> **What is expected**: Repeat exactly what runs from the line with "Автоматический карандаш для" through the last line of the material, and keep the pictures out of it.

> **Source data**:
◇ ◇ ◇

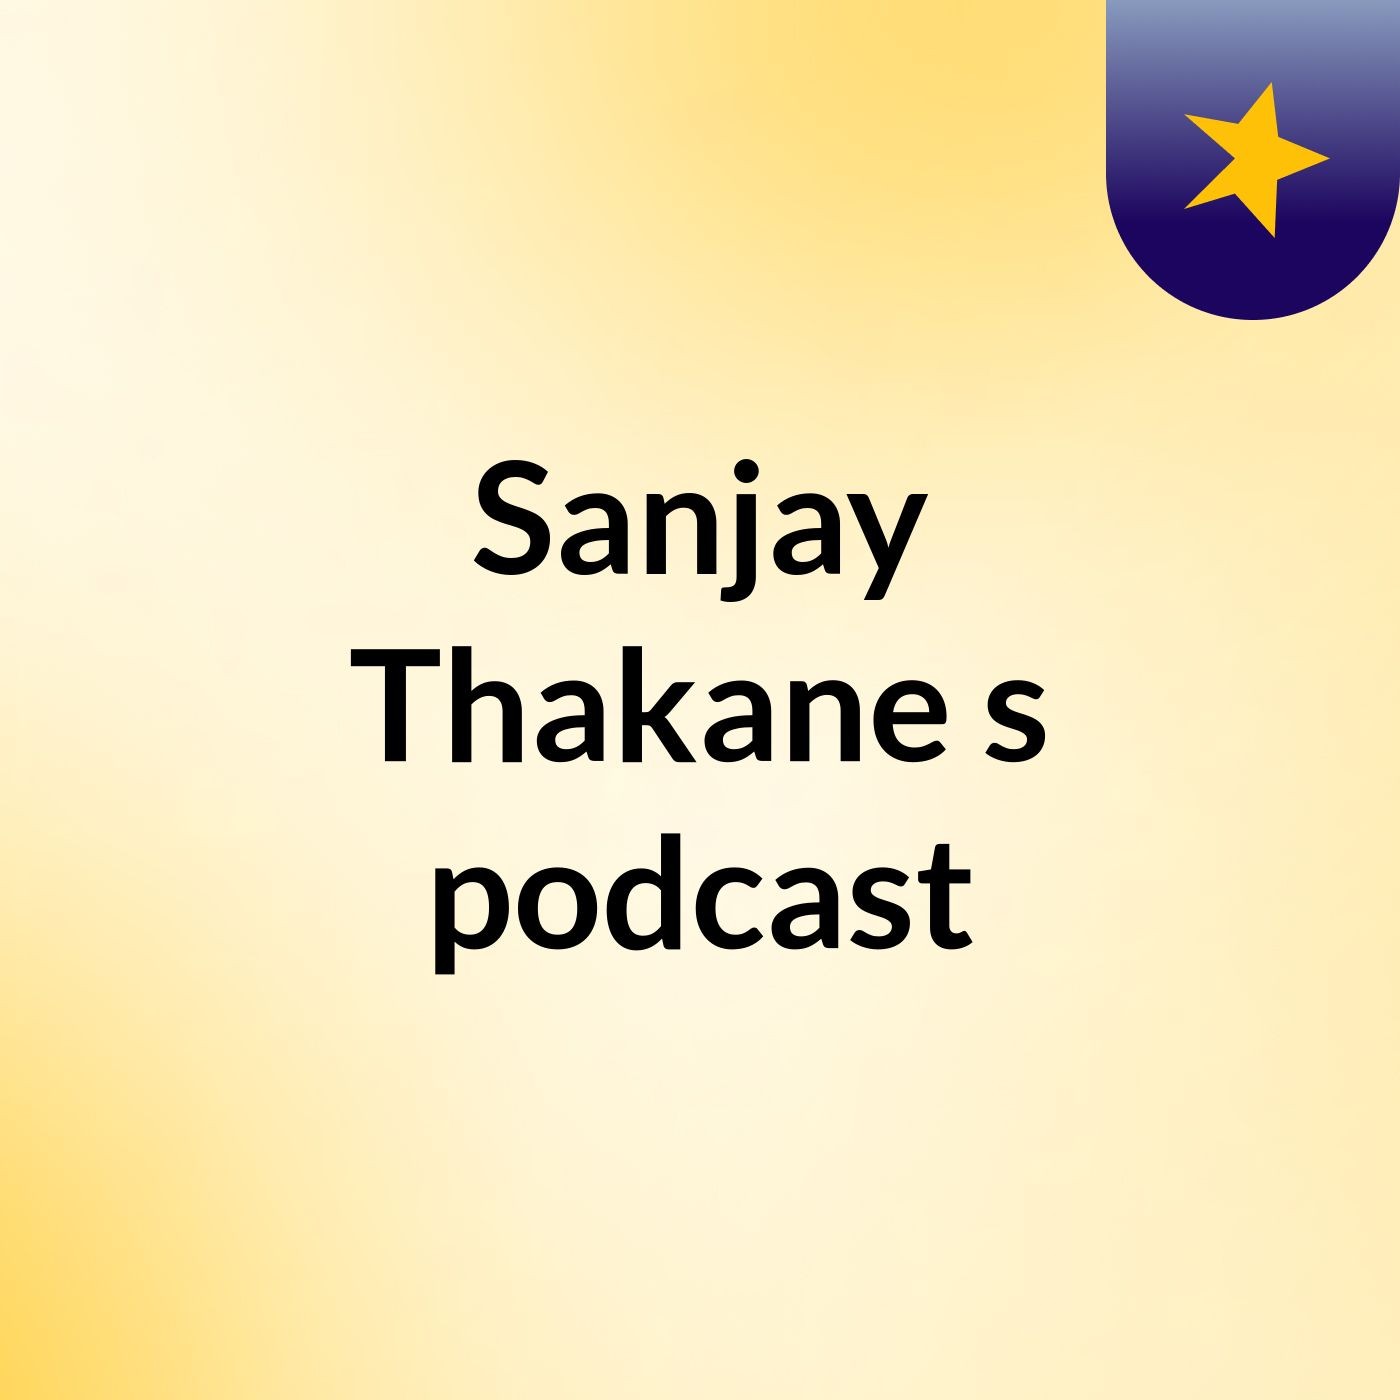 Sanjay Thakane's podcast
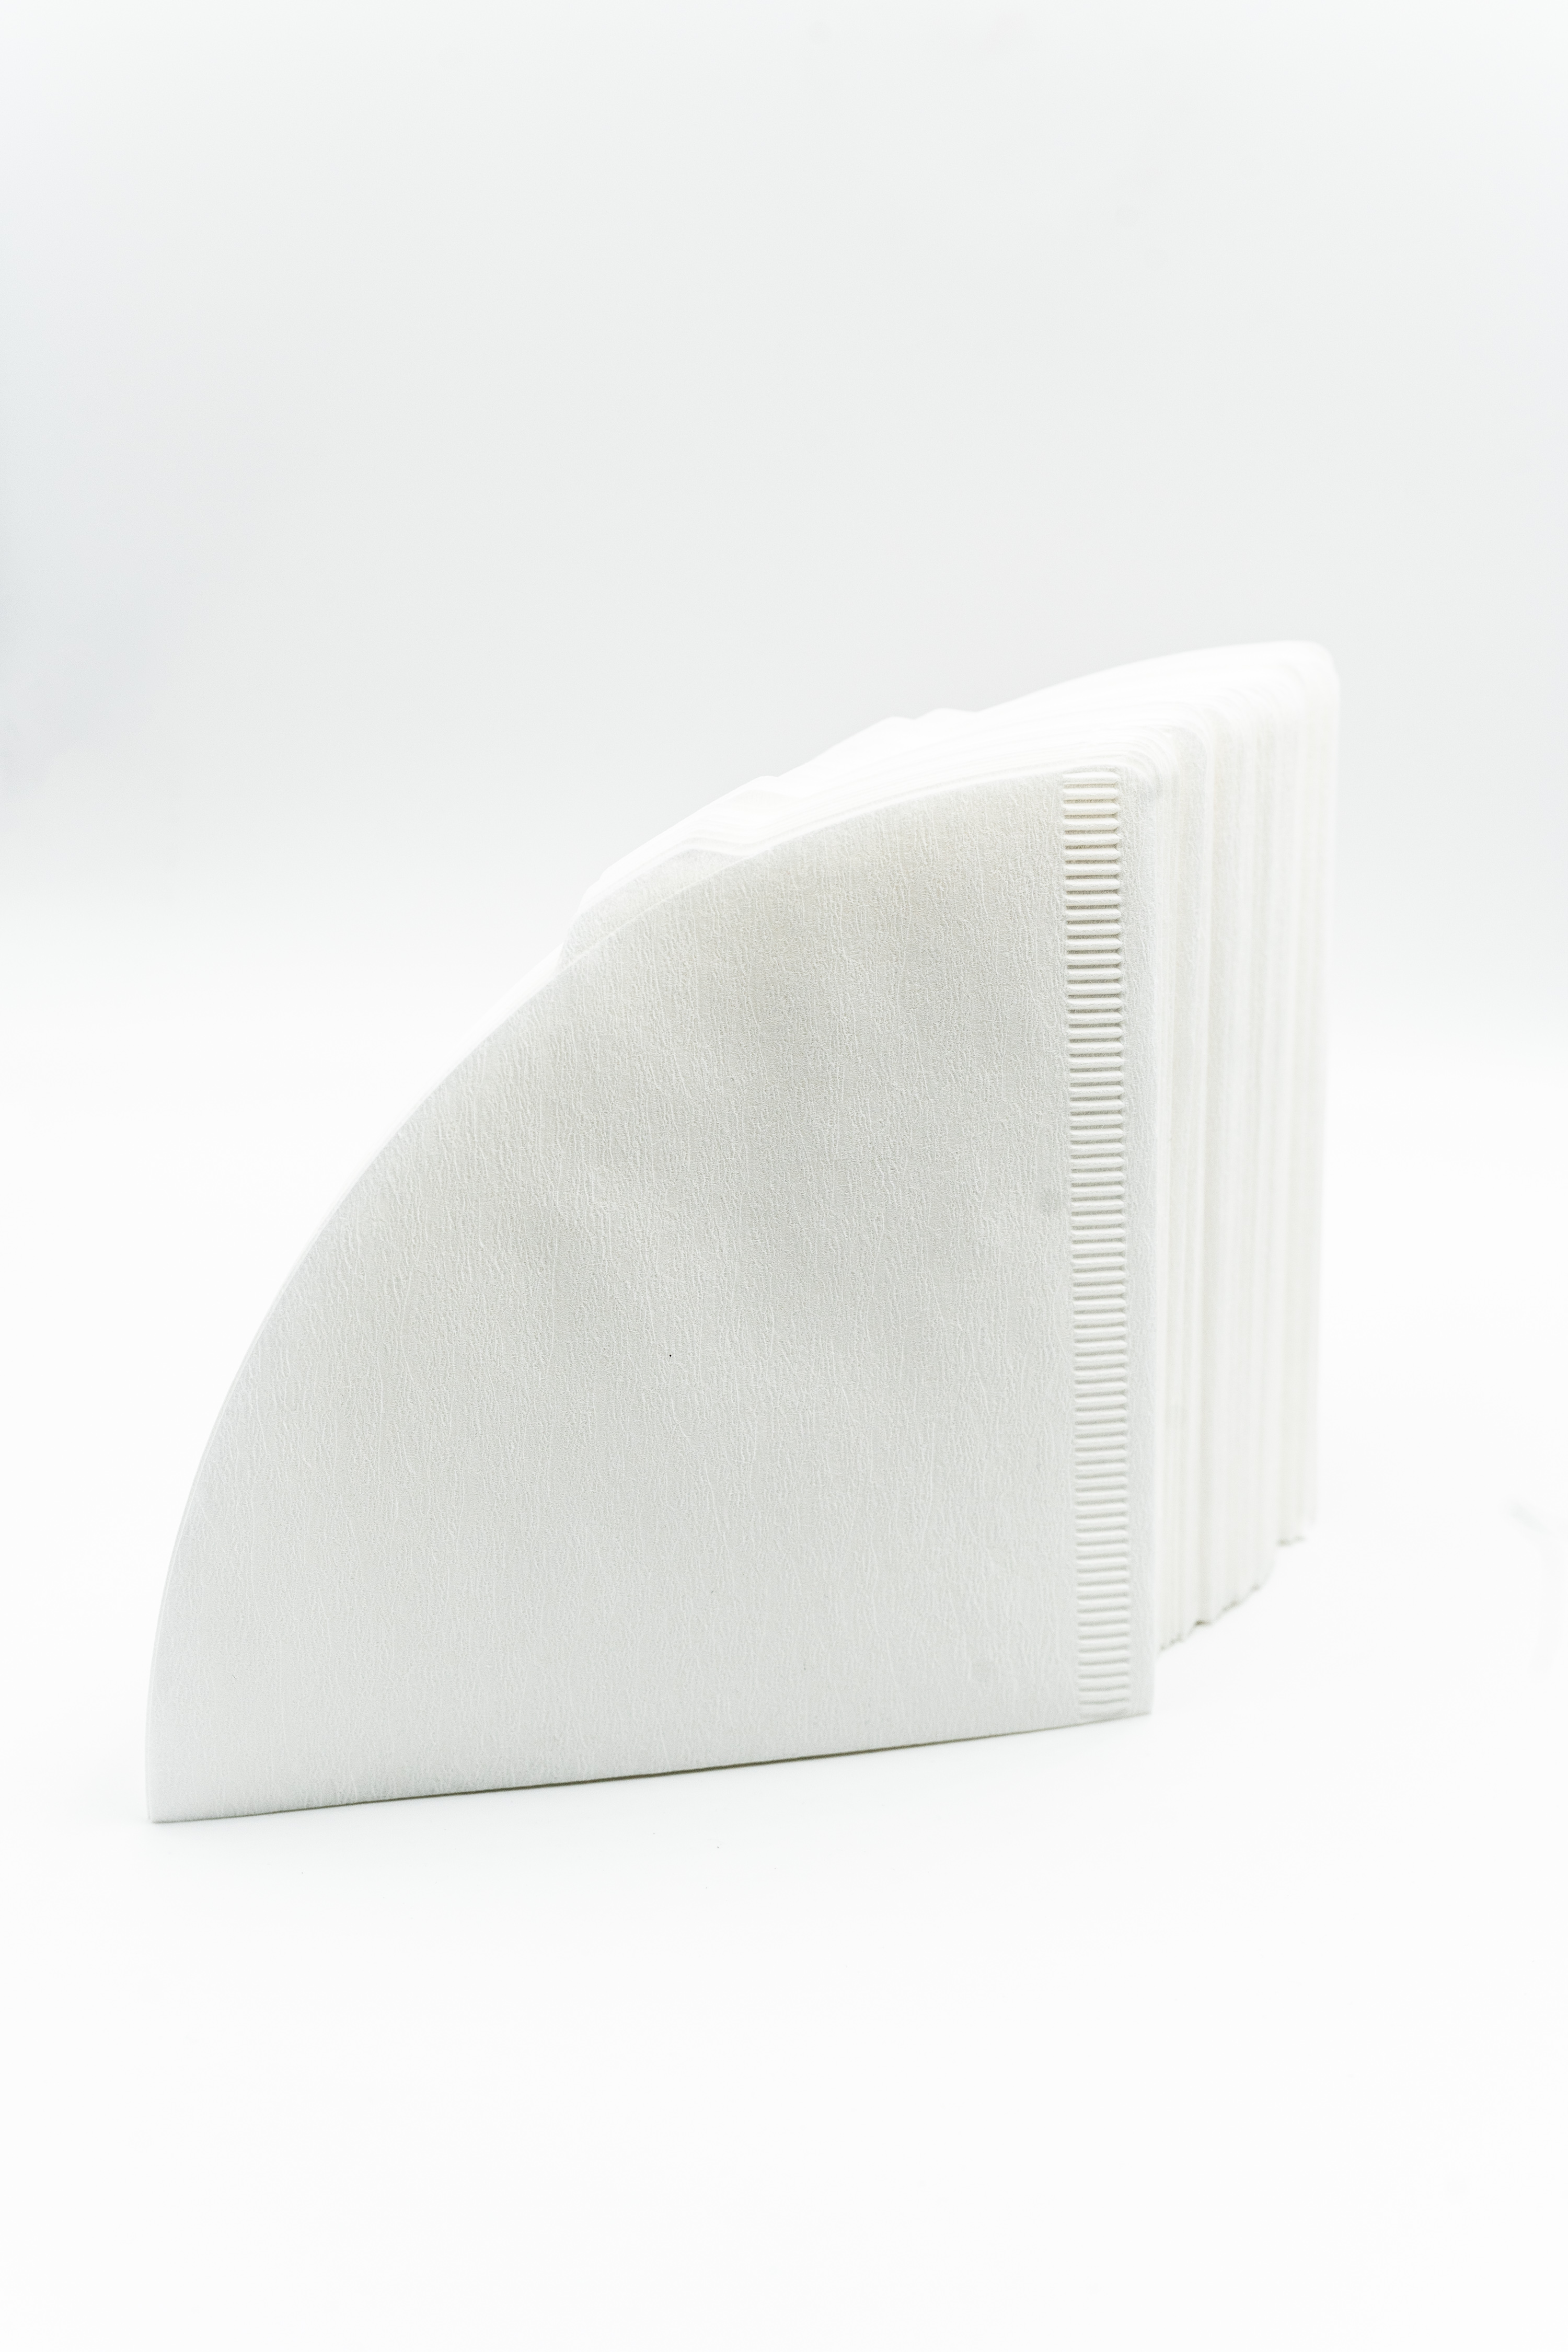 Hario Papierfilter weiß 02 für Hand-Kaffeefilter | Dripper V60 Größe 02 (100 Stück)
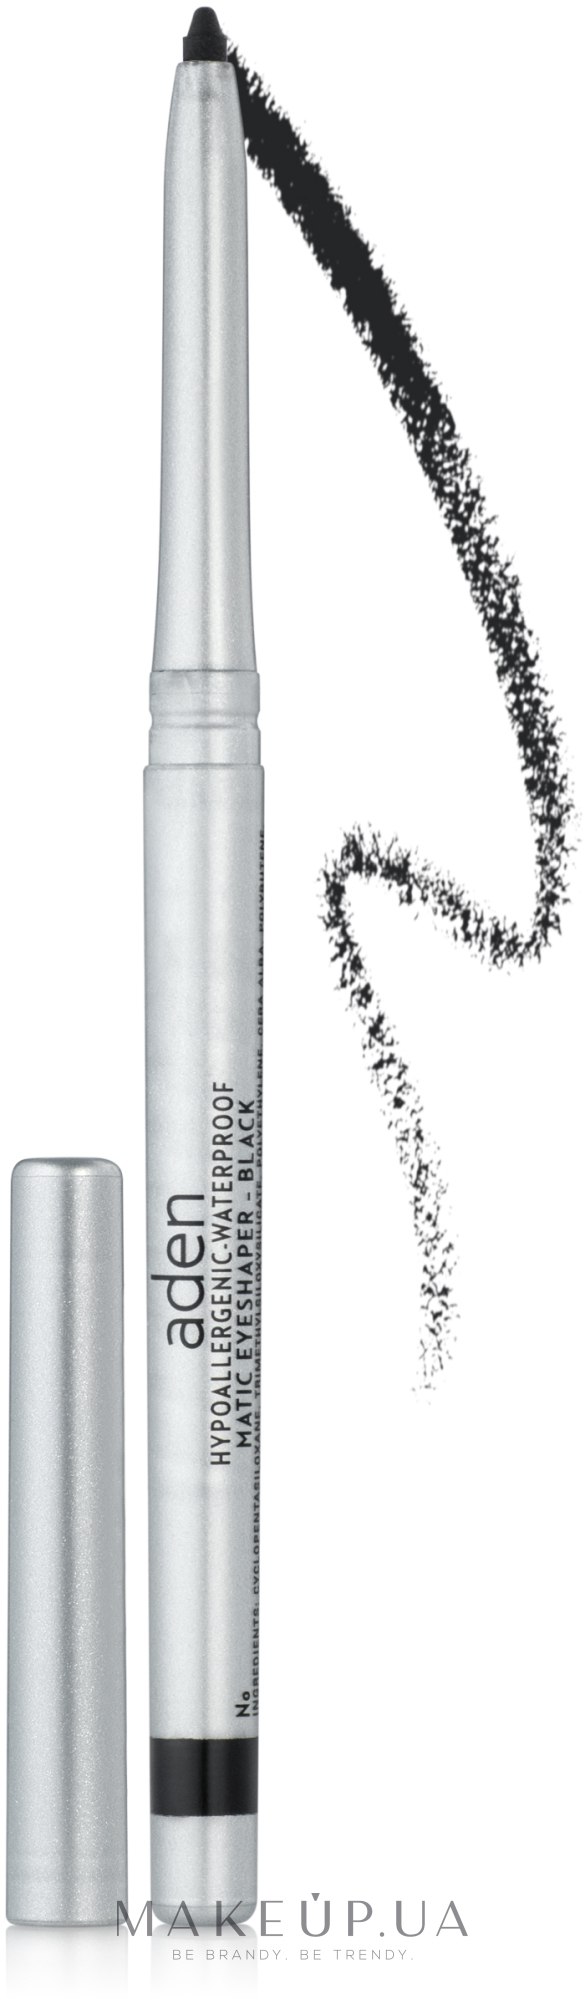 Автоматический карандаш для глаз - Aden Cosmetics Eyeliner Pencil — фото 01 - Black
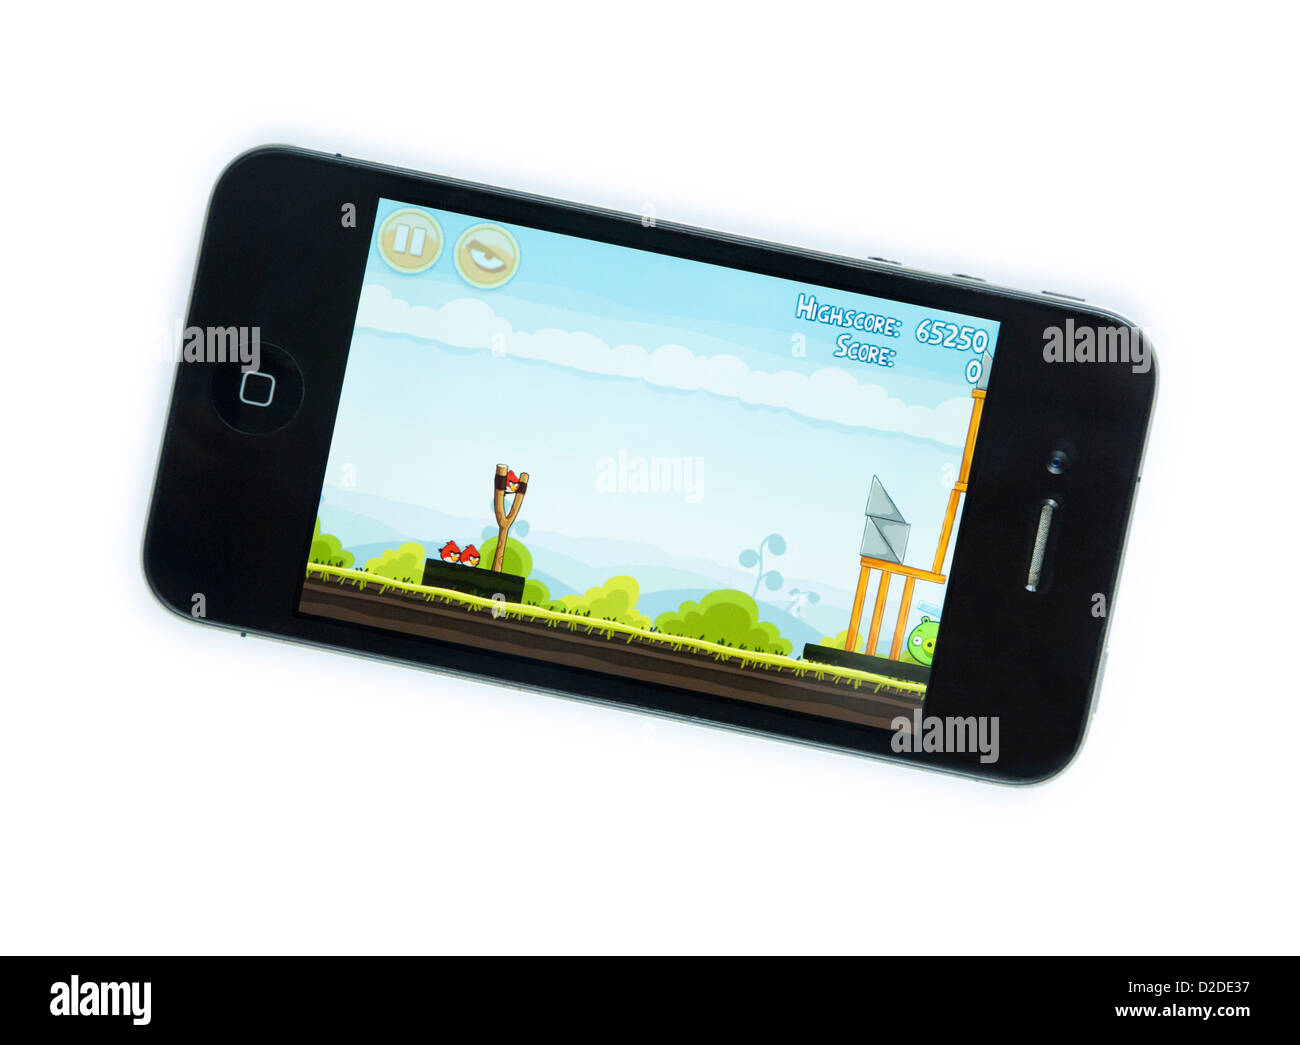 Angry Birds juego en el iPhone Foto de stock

◇ ◇ ◇

> **Answer to the problem**:
 Автоматический карандаш для глаз - Aden Cosmetics Eyeliner Pencil — фото 01 - Black
 Angry Birds juego en el iPhone Foto de stock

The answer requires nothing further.